И он остается. Золотистый взгляд сверкает, когда он проникает все глубже, в каждый уголок моего естества.
Отныне и до скончания веков, Биокин.
Сердце сжимается, запоминая каждый лихорадочный удар, прежде чем отпустить их все сразу.
Он отводит бедра, выходя, пока внутри меня не остается только головка, затем напрягает ягодицы и проникает глубоко.
Хотя его тело создано для неба, оно движется, подобно океану, – волна, которая накатывает далеко и разбивается о мои берега, прежде чем отступить, как отлив.
Он целует меня: так невыразимо нежно, словно сглаживая грубость сильных толчков.
– Больно? – Его глаза полуприкрыты, наполовину безумны.
Проводя ногтями по позвоночнику, тугому и скользкому, как намокший от дождя канат якоря, я мысленно шепчу: Нет, мо крау.
Когда до него доходят мои слова, он замирает. медленно моргает. Затем прижимает рот к моему и толкается в меня. Тепло разгорается везде, где соприкасаются наши тела – восхитительный жар, который воспламеняет плоть и распаляет сердце.
Лор отрывается от моего рта, и я моментально испытываю острую потерю, но тут он обхватывает мою ногу и закидывает себе за спину. Обхватывая мое бедро и не сводя с меня пристального взгляда, он шепчет:
– Харофф бейя ан ха ток’ту, харай бе.
Тембр его голоса низкий, слова отпечатываются в моем сознании, каждый слог, каждый странный согласный звук проникают в меня в такт движениям его бедер.
– Скажи… что это значит.
Это значит: «До встречи с тобой, птичка, я не жил, а лишь существовал».
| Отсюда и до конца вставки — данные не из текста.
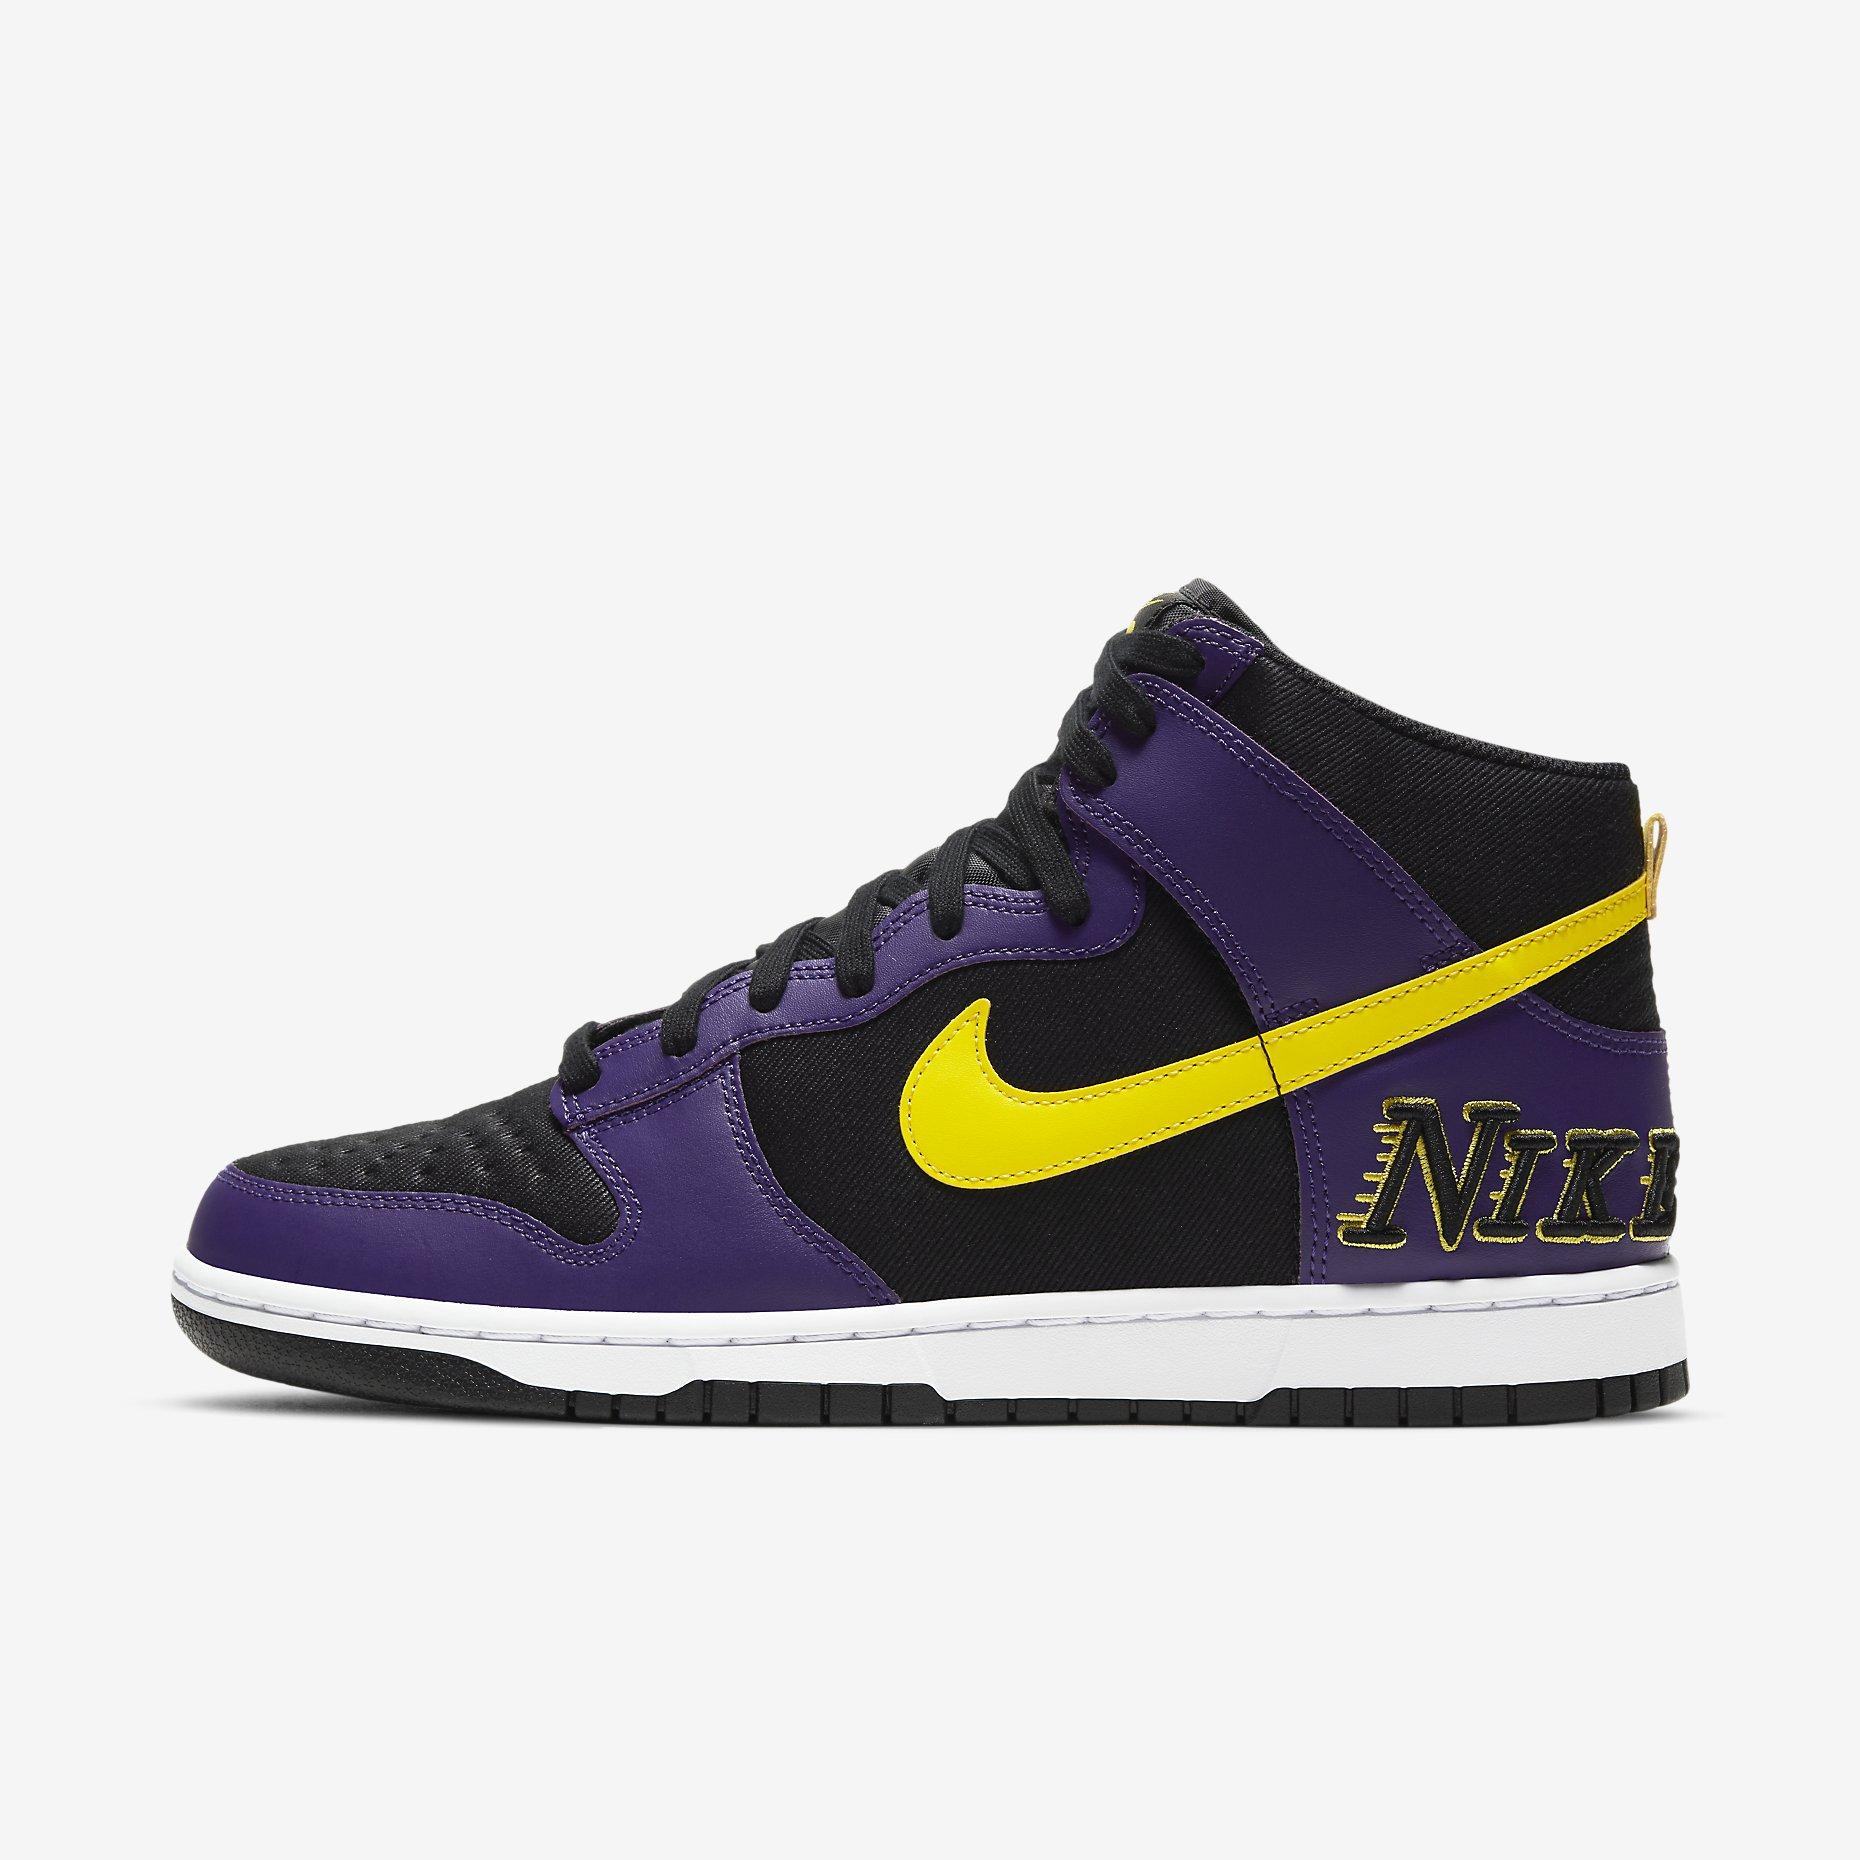 Nike Dunk High EMB 'Court Purple' - 'Lakers'}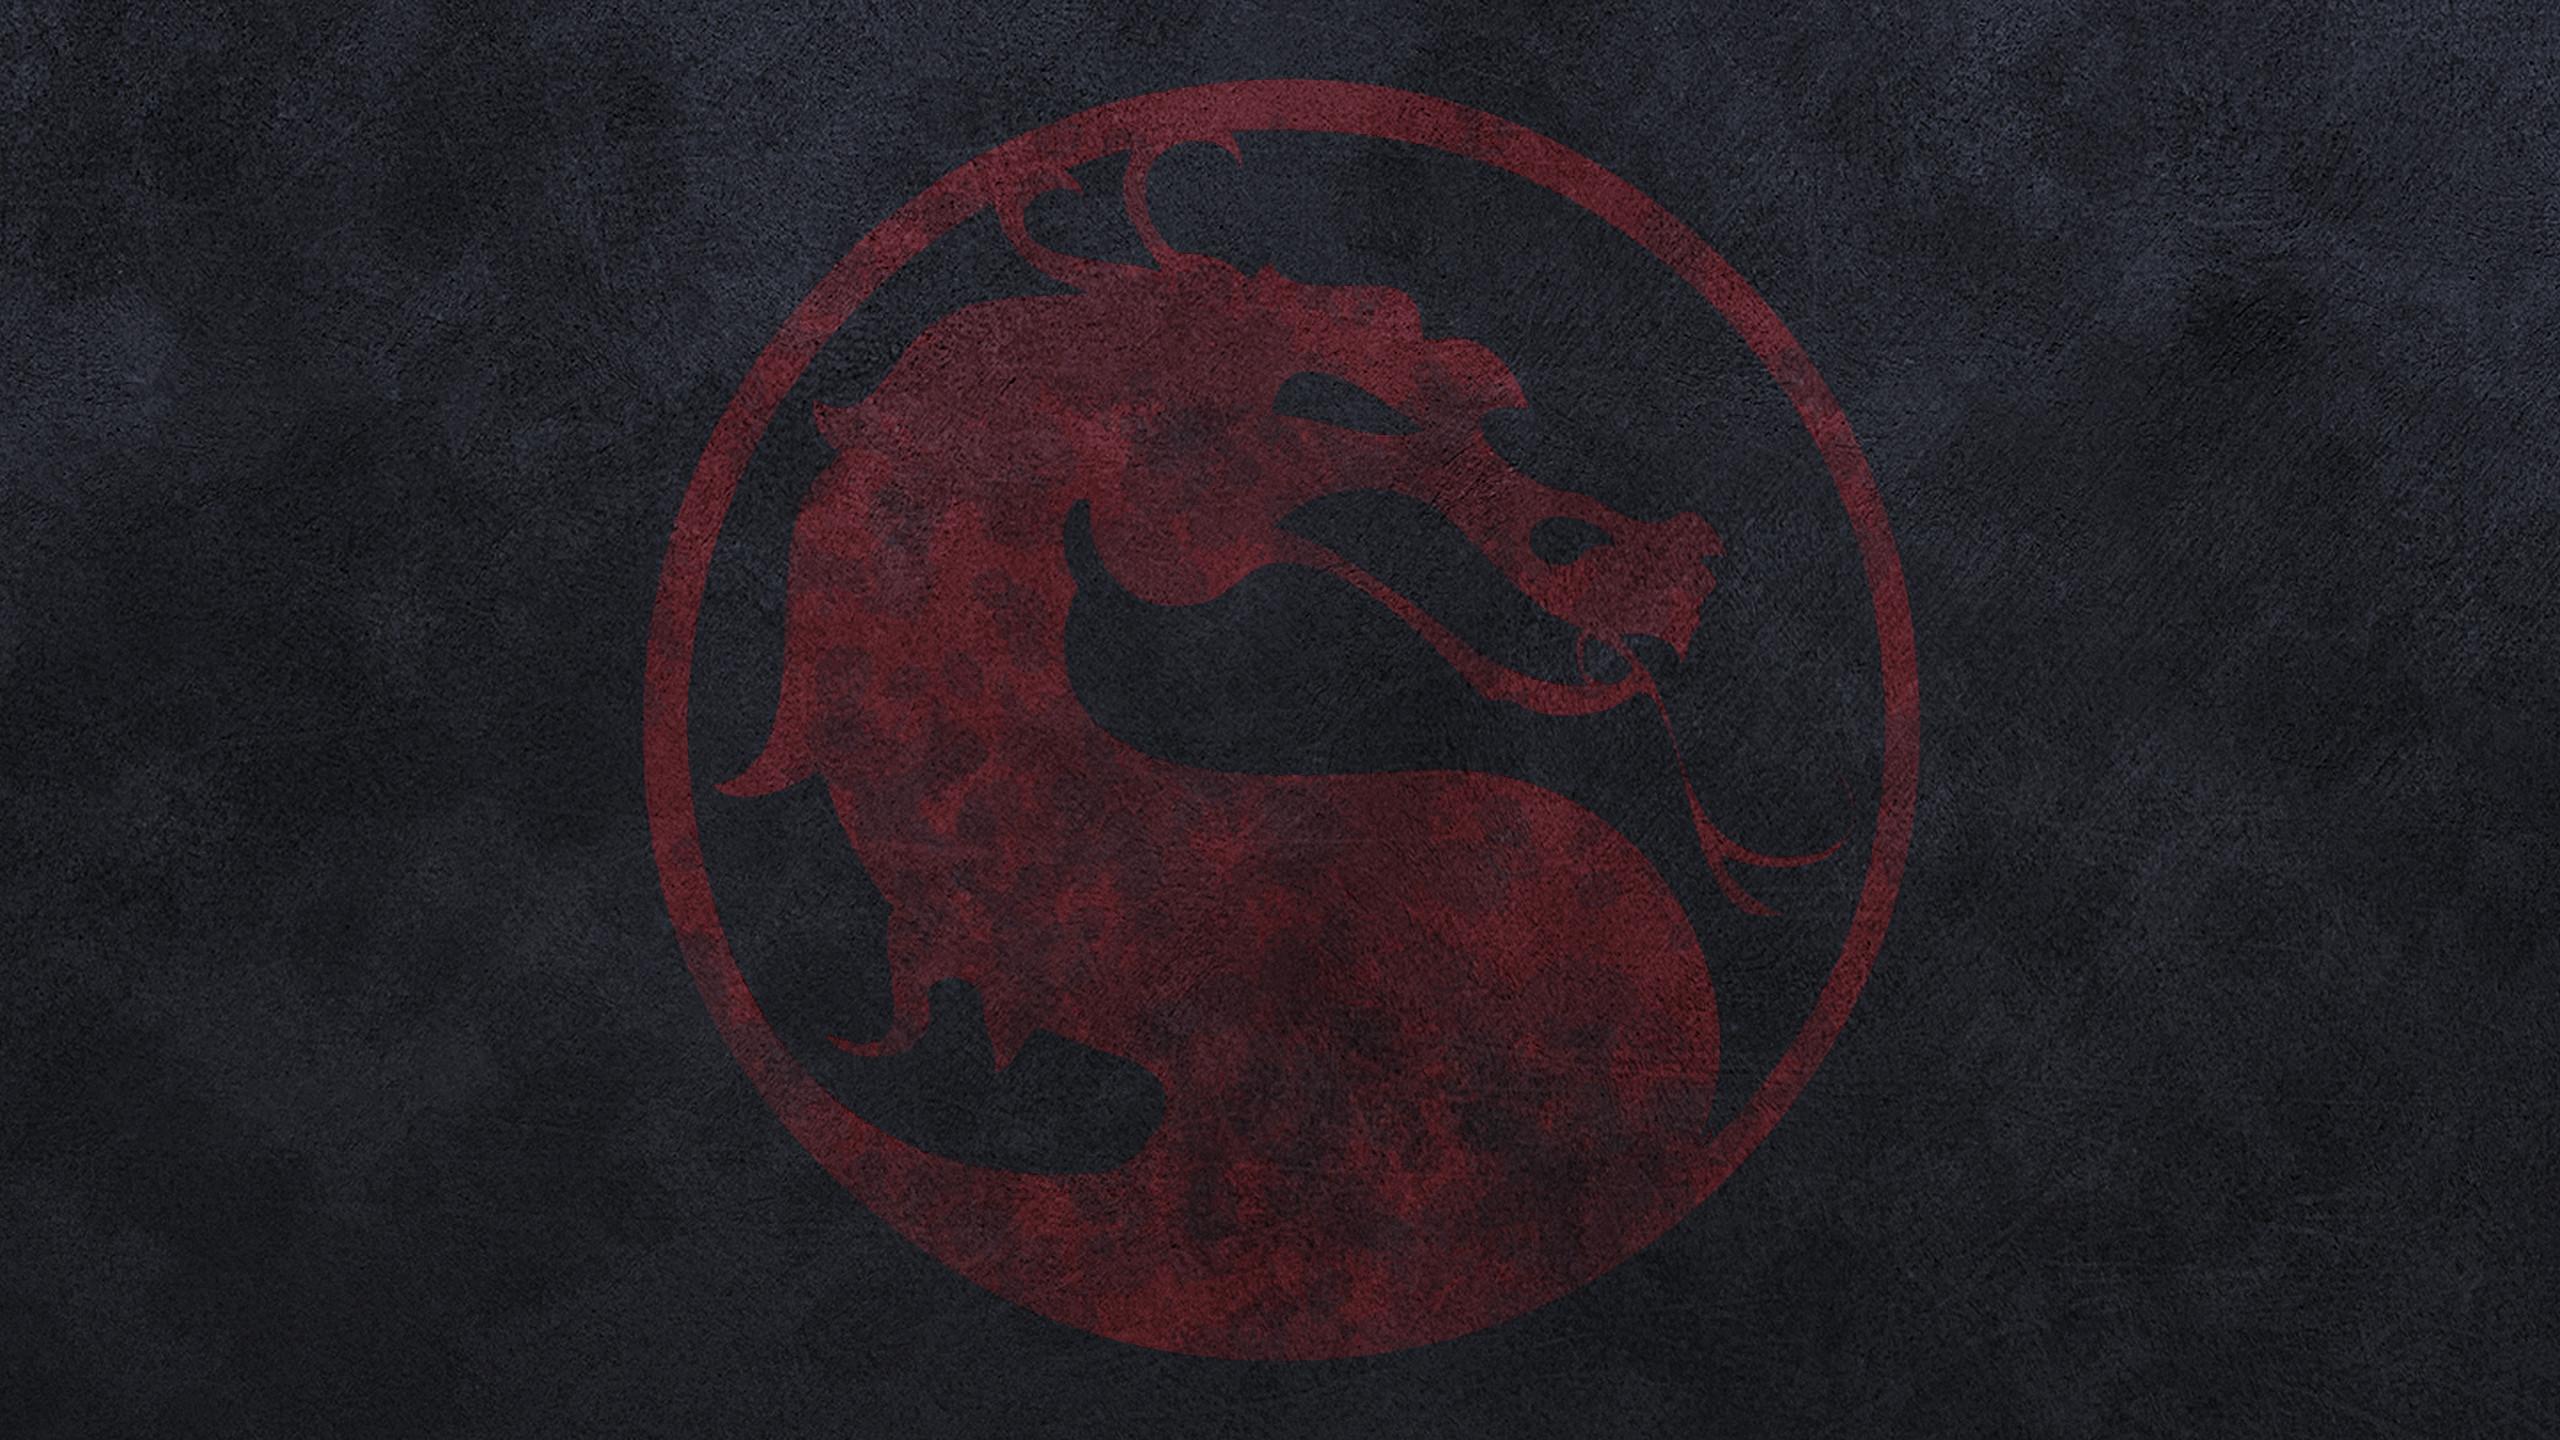 Mortal Kombat Logo Wallpapers 72 Images

Пульс учащается, эмоции завладевают мною. Дрожащей рукой я глажу маленькое чернильное перышко у его глаза, затем провожу пальцем по размазанной черной линии, обрамляющей его сияющие глаза.
Палец замирает, а губы приоткрываются для потрясенного вздоха, когда он входит так глубоко, что меня до самого мозга костей пронзает разряд тока. Я выкрикиваю его имя, от чего он чертыхается и ускоряет толчки, пока его не охватывает дрожь, и он не рычит, как зверь, выпущенный из клетки.
Зверь, которого выпустила я.
Мой зверь.
Дрожь за дрожью сотрясает его большое тело, вызывая горячий поток, который, должно быть, проникает через мои стенки, поскольку кровь согревается.
Да, Биокин, – он целует мою ладонь, – твой зверь.
Капелька влаги скатывается с кончика его носа и попадает мне в рот. Я сглатываю, намереваясь впитать в себя всего этого мужчину… свою пару, который окутал меня своими темными всполохами и пропитал своей неустанной лаской.
Твое чудовище.
Вот только в книгах чудовища никогда не «живут долго и счастливо». Но если кто этого и заслуживает, так это мужчина, все еще находящийся внутри меня.
В висках эхом раздается пророчество Бронвен, и в кои-то веки я не чувствую ни вины, ни отвращения, размышляя об убийстве Данте, только несгибаемую решимость.
Как всегда, он видит образы, мелькающие в моем воображении.
– Мы найдем другой способ. Даже не задумывайся об этом.
Но я задумываюсь.
А как иначе?
Из сна меня выдирают тяжелые удары кулака в дверь. Ощущение такое, будто костяшки пальцев стучат по самому черепу.